These certificates (commonly called TLS/SSL certificates, in the standard X.509 format) establish trust by proving a server’s identity and enabling encrypted communication between clients and services. They are required to secure communication between the NVIDIA Run:ai control plane, workload elements, and services, and are used to authenticate system components while encrypting data in transit.

There are four main categories of certificates that may be leveraged in the installation, refer to the TLS certificates section for more details.

NVIDIA Run:ai Certificate Requirements

You must have TLS X.509 certificates that are issued for the Fully Qualified Domain Names (FQDN) of the NVIDIA Run:ai control plane and Inference ingress. The certificate’s Common Name (CN) must match the FQDN and the Subject Alternative Name (SAN) must also include the FQDN. The following should be provided:

  • The full certificate chain (e.g., /cm/shared/runai/full-chain.pem)

  • The private key associated with the certificate (e.g., /cm/shared/runai/private.key).
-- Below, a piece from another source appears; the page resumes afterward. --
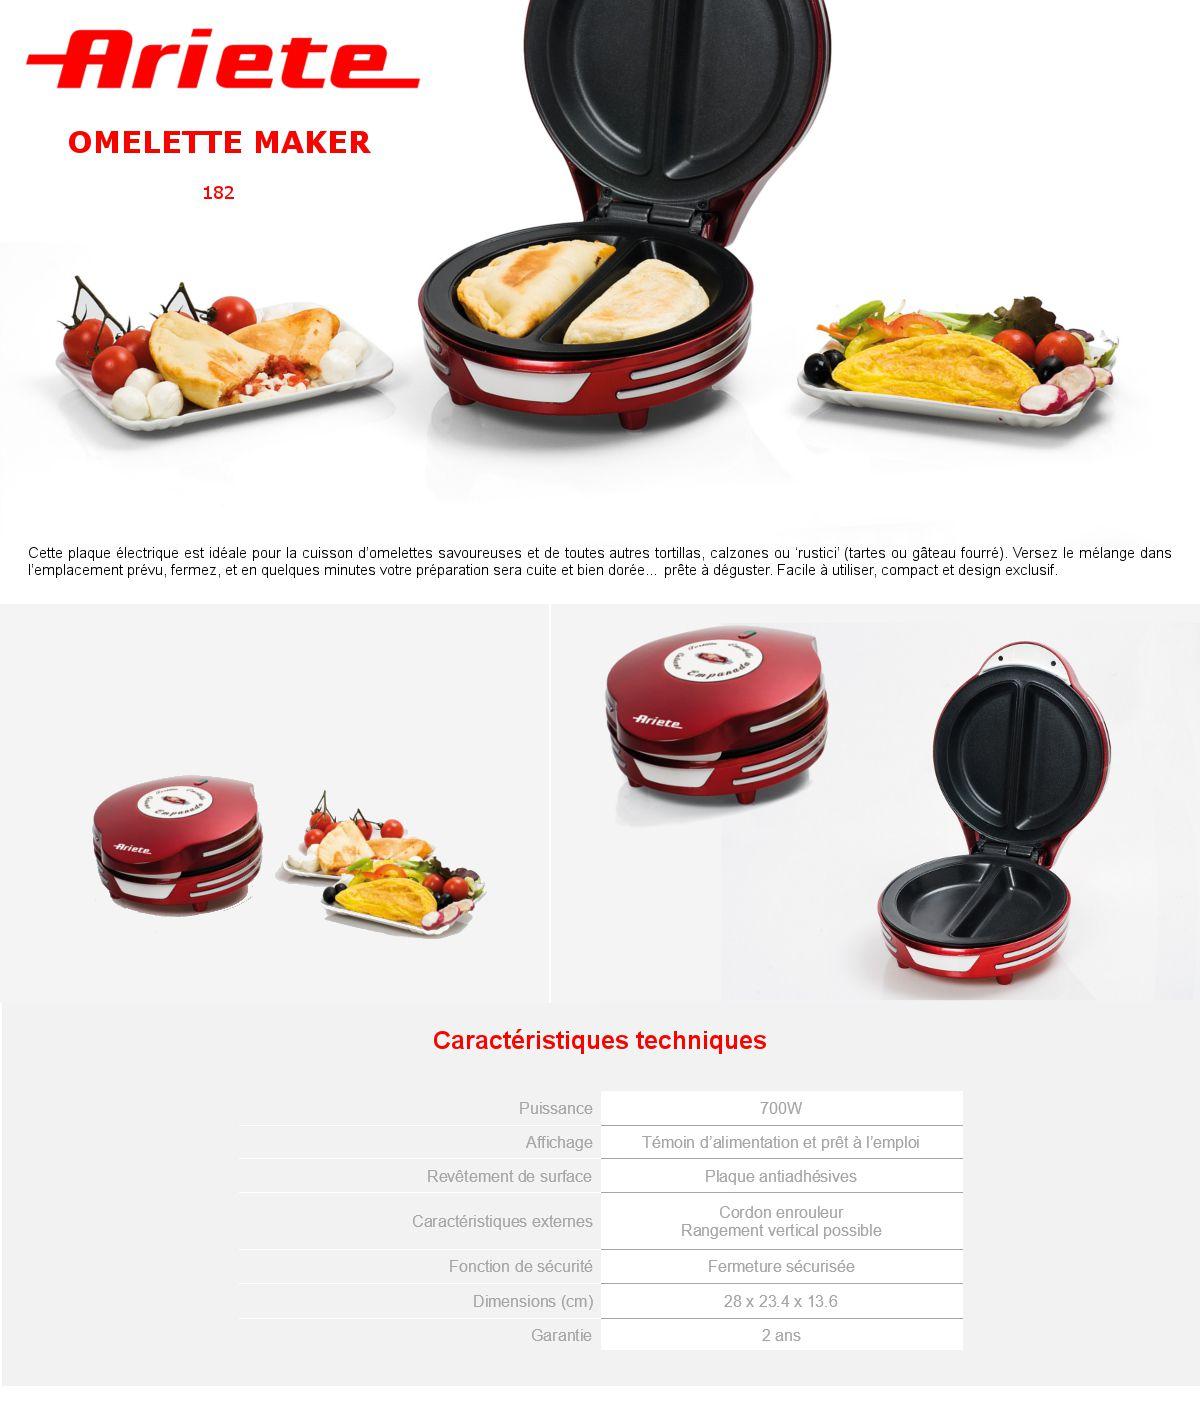 ariete appareil a omelette

The private key must be kept secure. It proves the server’s identity and is required to decrypt TLS traffic. If compromised, an attacker could impersonate the service or read encrypted communications.

# Run the following from the /cm/shared/runai/ directory

# Certificate Verification 
openssl verify -CAfile ./rootCA.pem -verify_hostname runai.example.com ./runai.crt

# Inspecting Certificate
openssl x509 -in ./runai.crt -text -noout | grep -A 5 "Subject Alternative Name"

NVIDIA Run:ai Registry Credentials

To access the NVIDIA Run:ai container registry to obtain installation artifacts, you will receive a token from NVIDIA. Take the token and paste it into your /cm/shared/runai/credential.jwt file to be used during the BCM installation assistant.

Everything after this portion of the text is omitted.